=== Given material ===
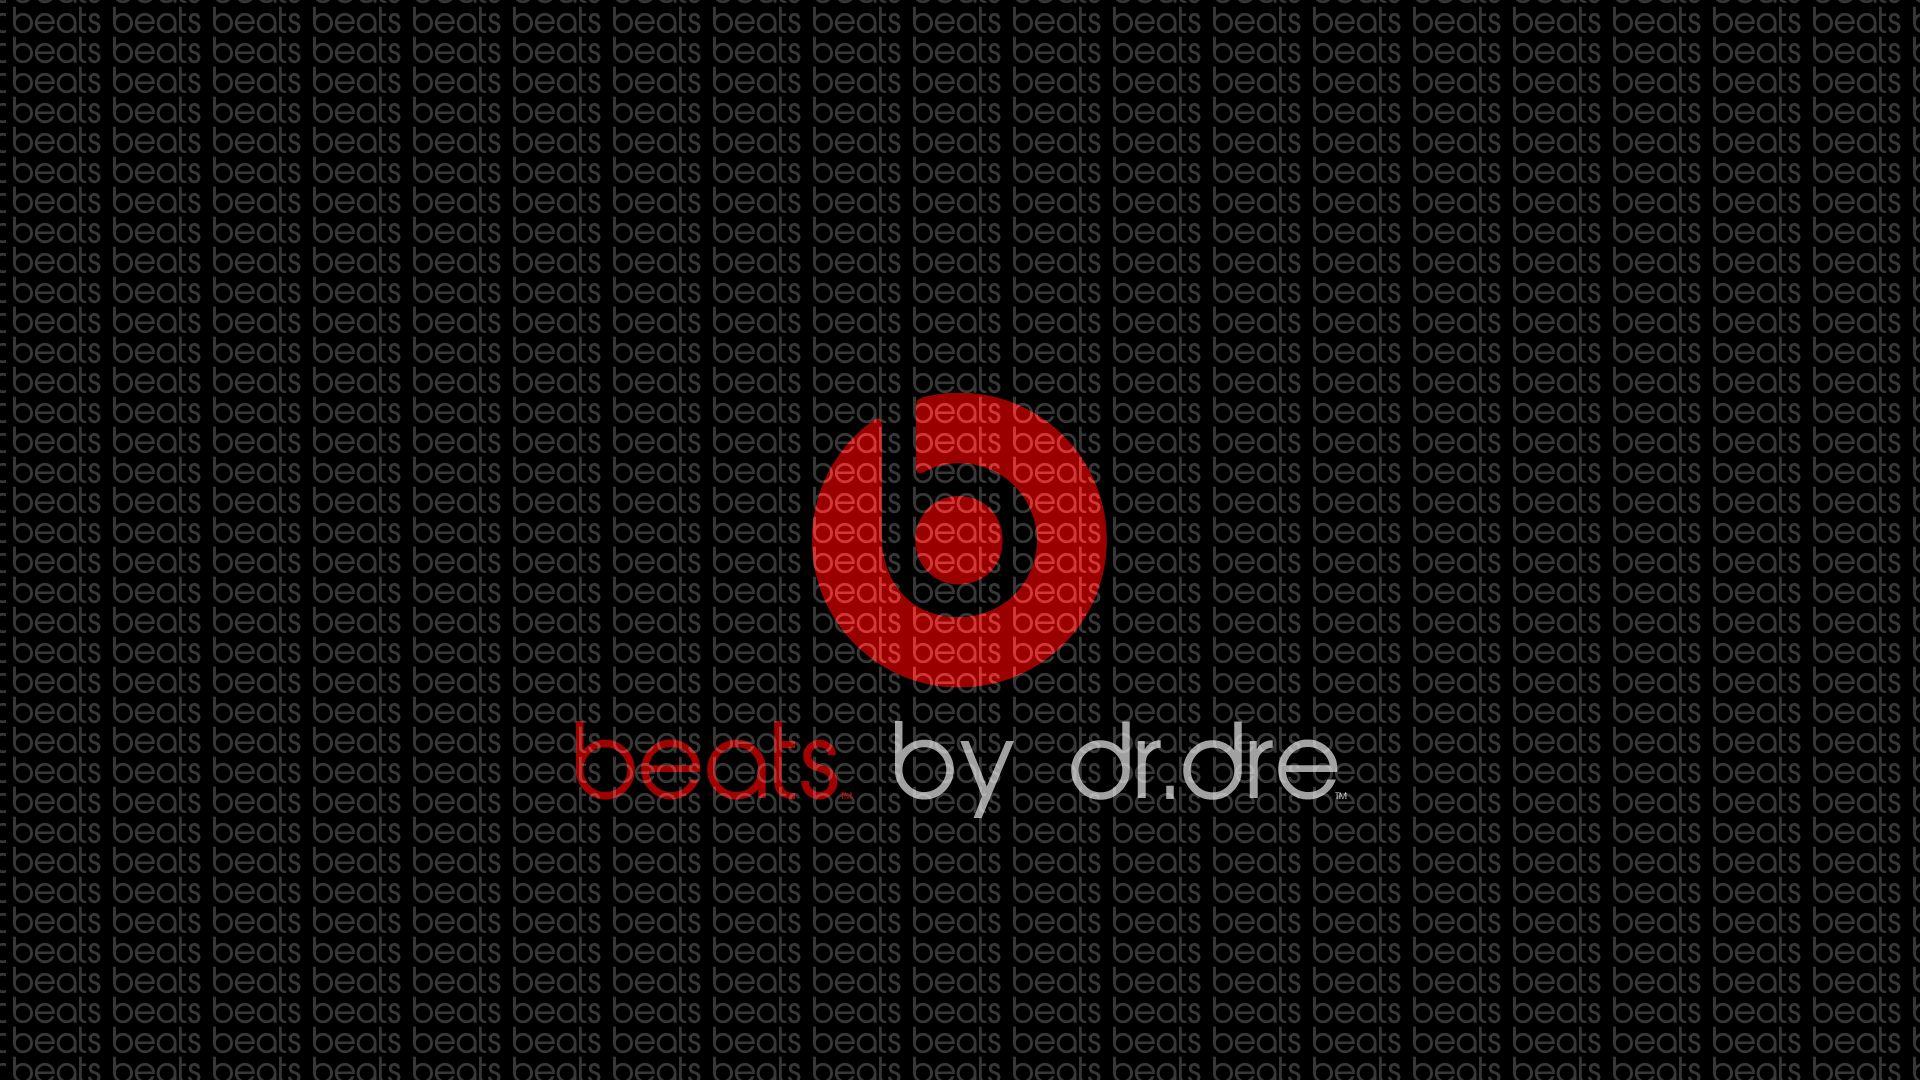 Cool Beat Logo - Beats by Dre Logo wallpaper | 1920x1080 | #27597
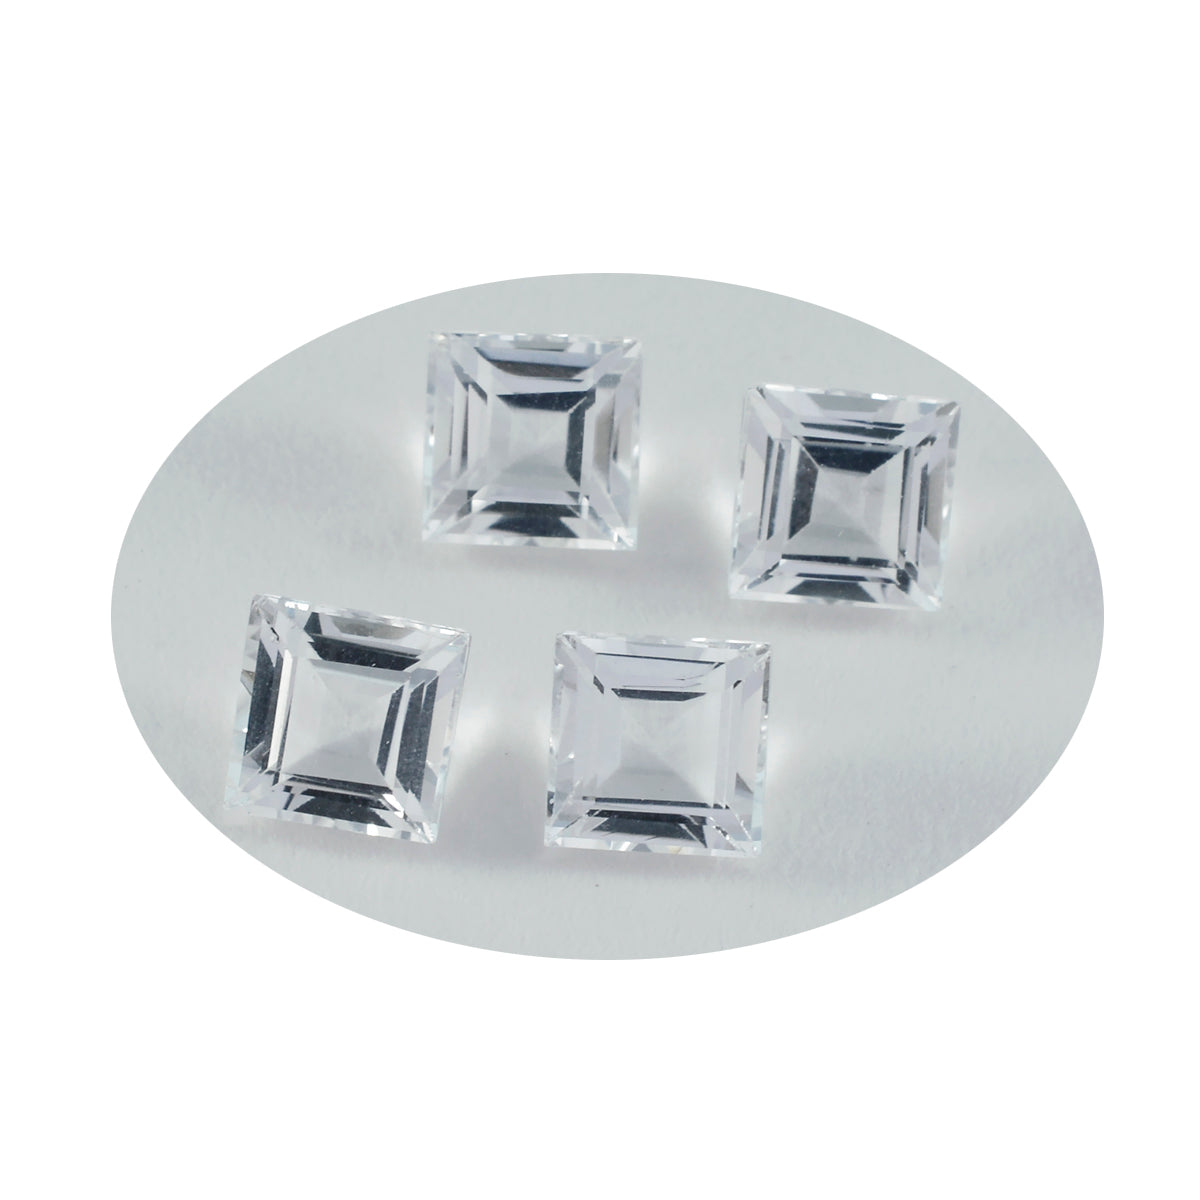 Riyogems 1PC wit kristalkwarts gefacetteerd 9x9 mm vierkante vorm uitstekende kwaliteit edelstenen
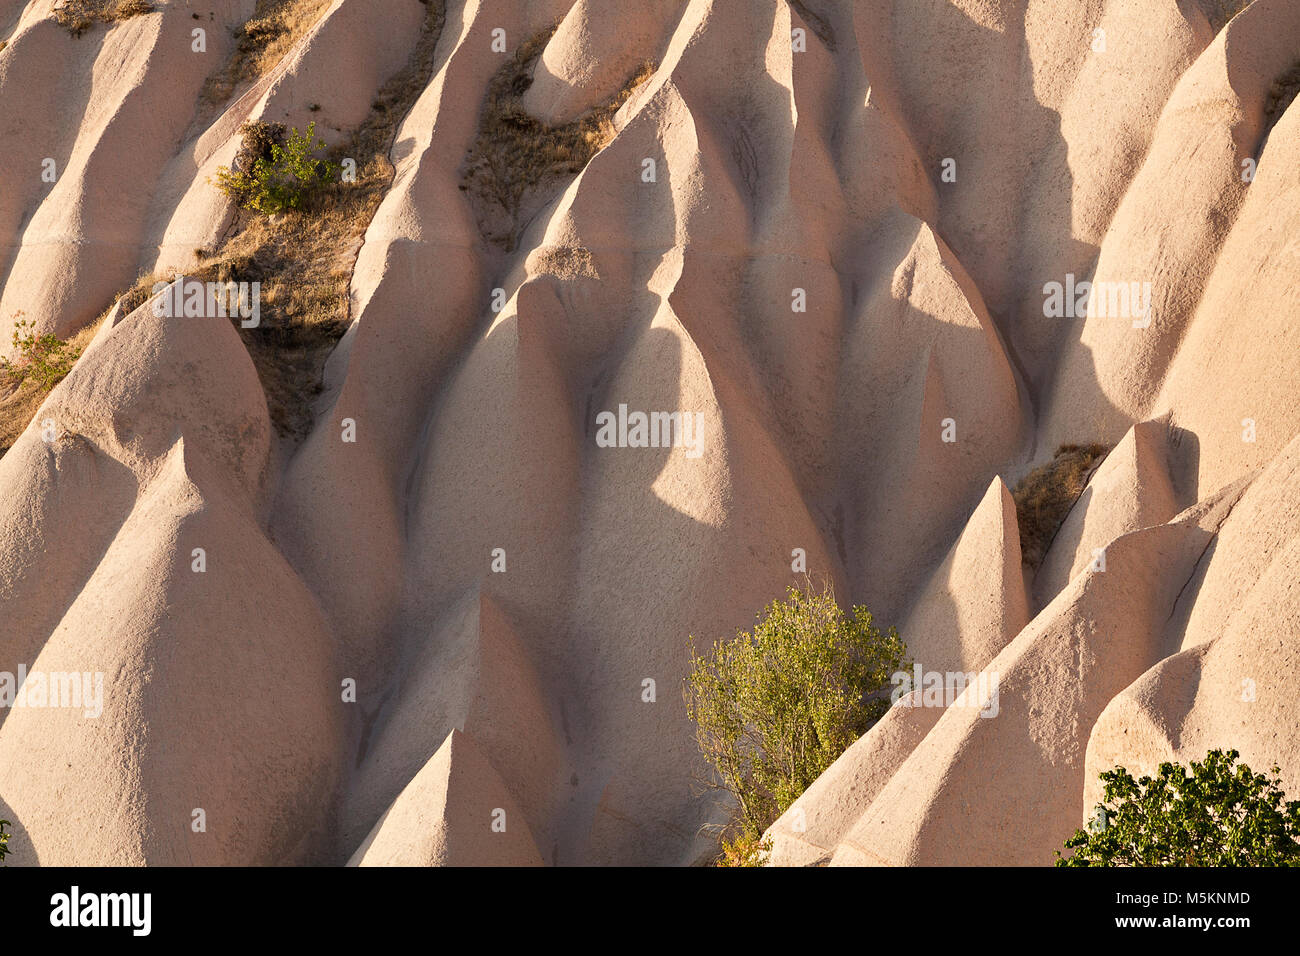 Volcanic rock formations looking like sand dunes in Cappadocia, Turkey Stock Photo

=== Exercise prompt ===
Line by line, restate the data above exactly as it stands, minus the pictures.

=== Result of the task ===
 Cool Beat Logo - Beats by Dre Logo wallpaper | 1920x1080 | #27597
 Riyogems 1PC wit kristalkwarts gefacetteerd 9x9 mm vierkante vorm uitstekende kwaliteit edelstenen
 Volcanic rock formations looking like sand dunes in Cappadocia, Turkey Stock Photo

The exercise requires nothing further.